▸ Problem statement
Please, without any pictures, set down exactly the part of the listing below that opens with the line containing "Exploring Trauma, Resilience, and" and closes with the line containing "Shop the clearance".

▸ Data provided

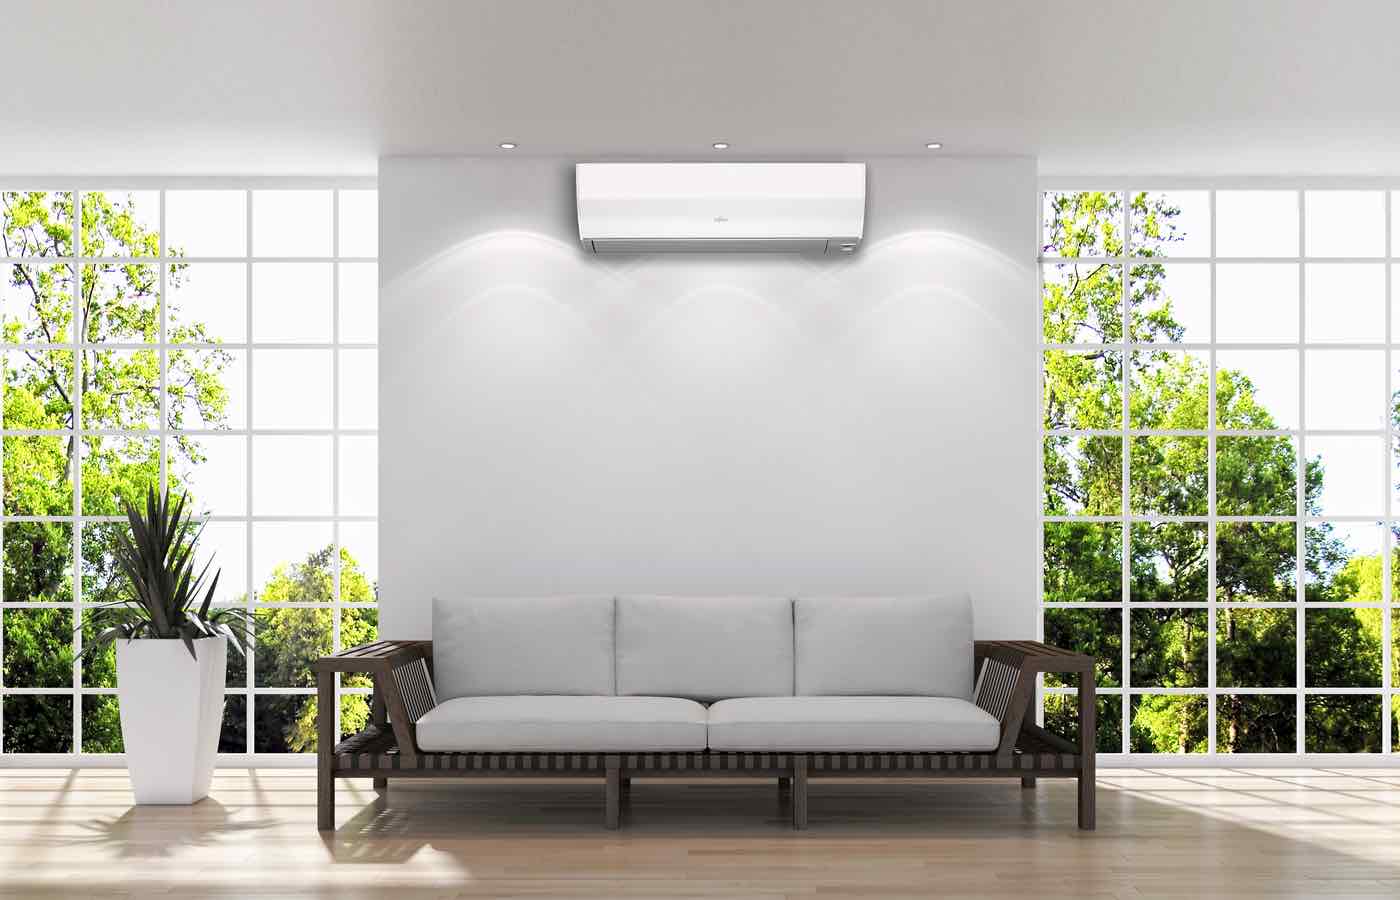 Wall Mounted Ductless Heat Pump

==

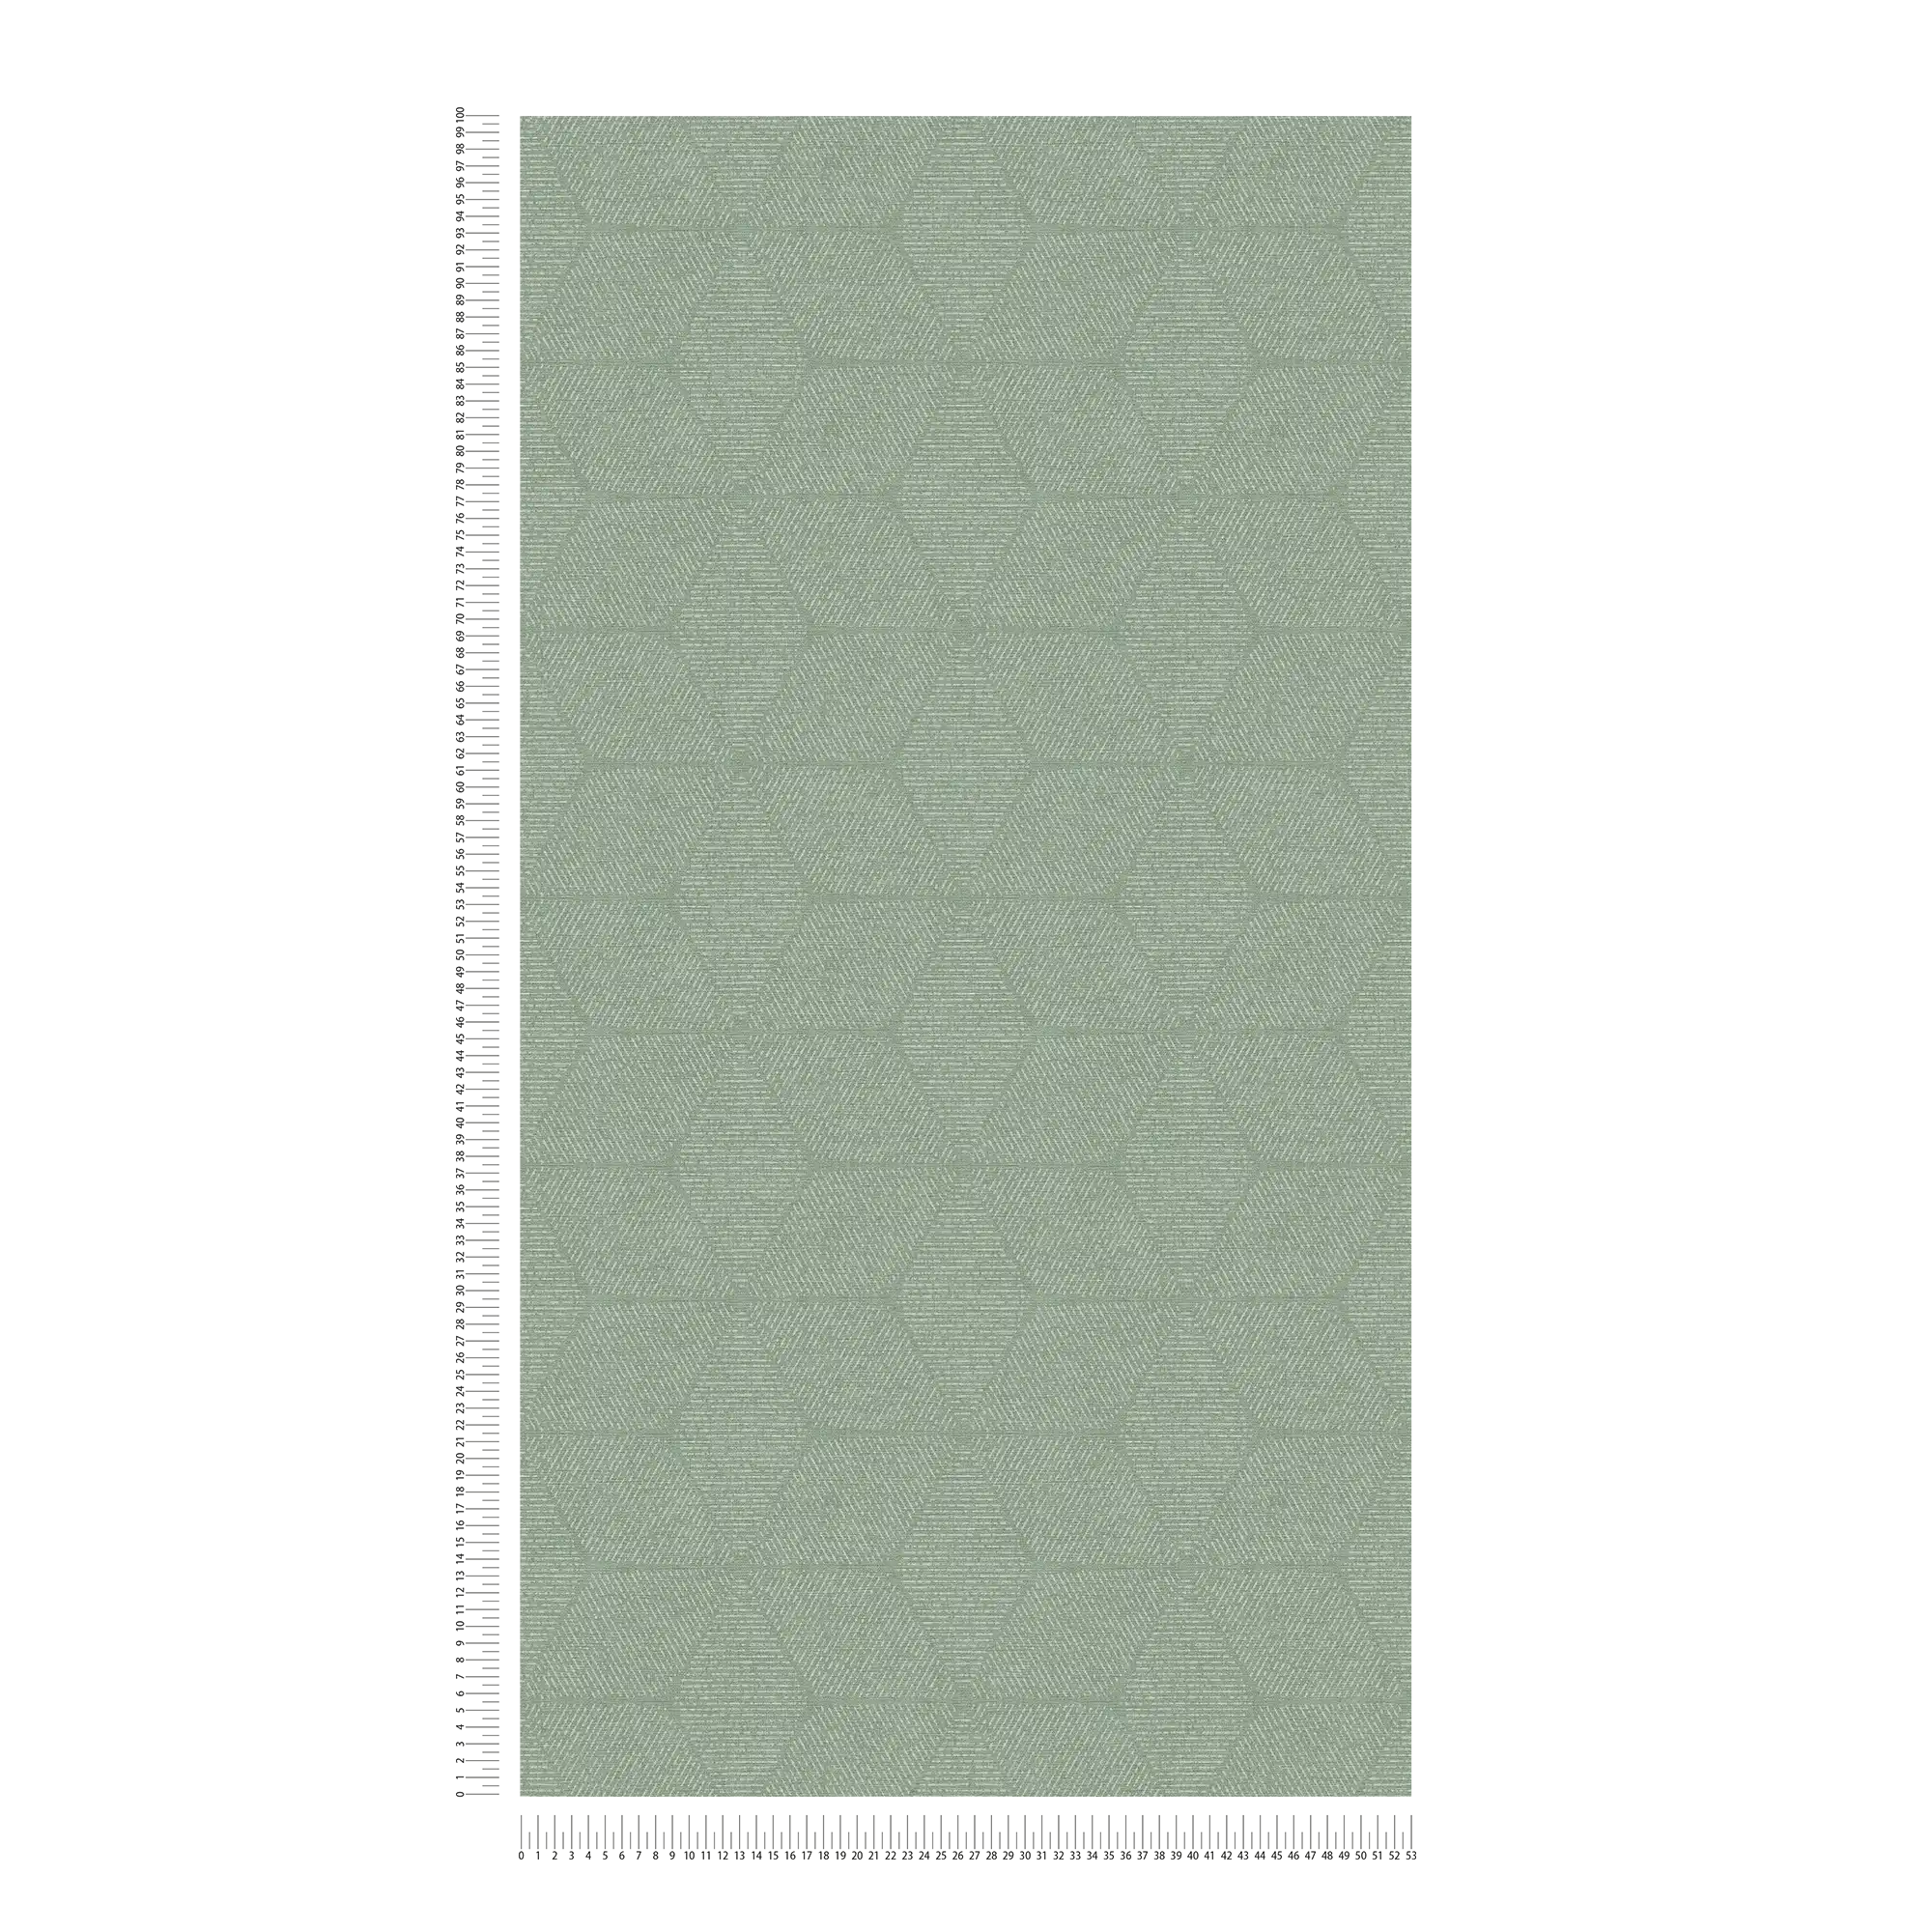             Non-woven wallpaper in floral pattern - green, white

==

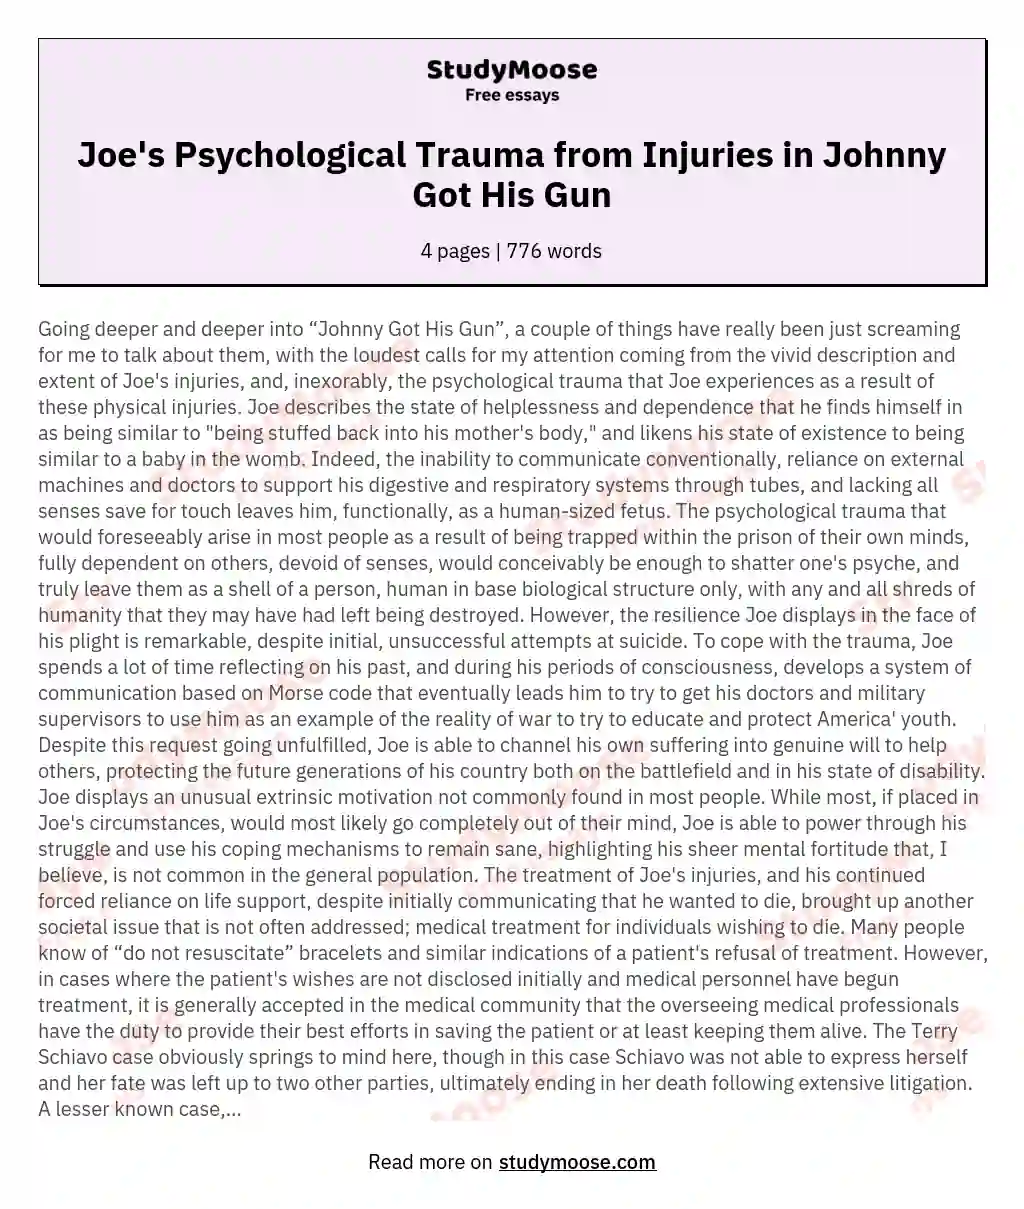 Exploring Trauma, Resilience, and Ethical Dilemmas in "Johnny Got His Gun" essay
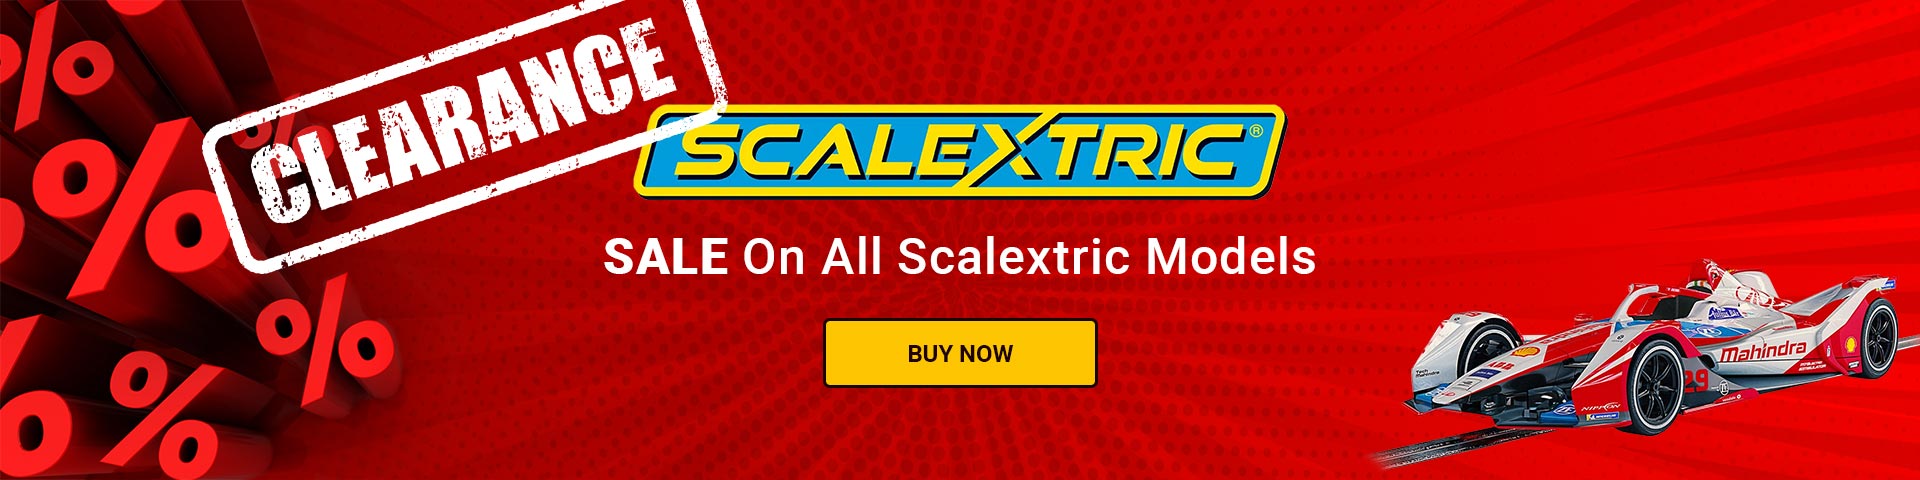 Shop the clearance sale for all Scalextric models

▸ Exercise solution
 Exploring Trauma, Resilience, and Ethical Dilemmas in "Johnny Got His Gun" essay
 Shop the clearance sale for all Scalextric models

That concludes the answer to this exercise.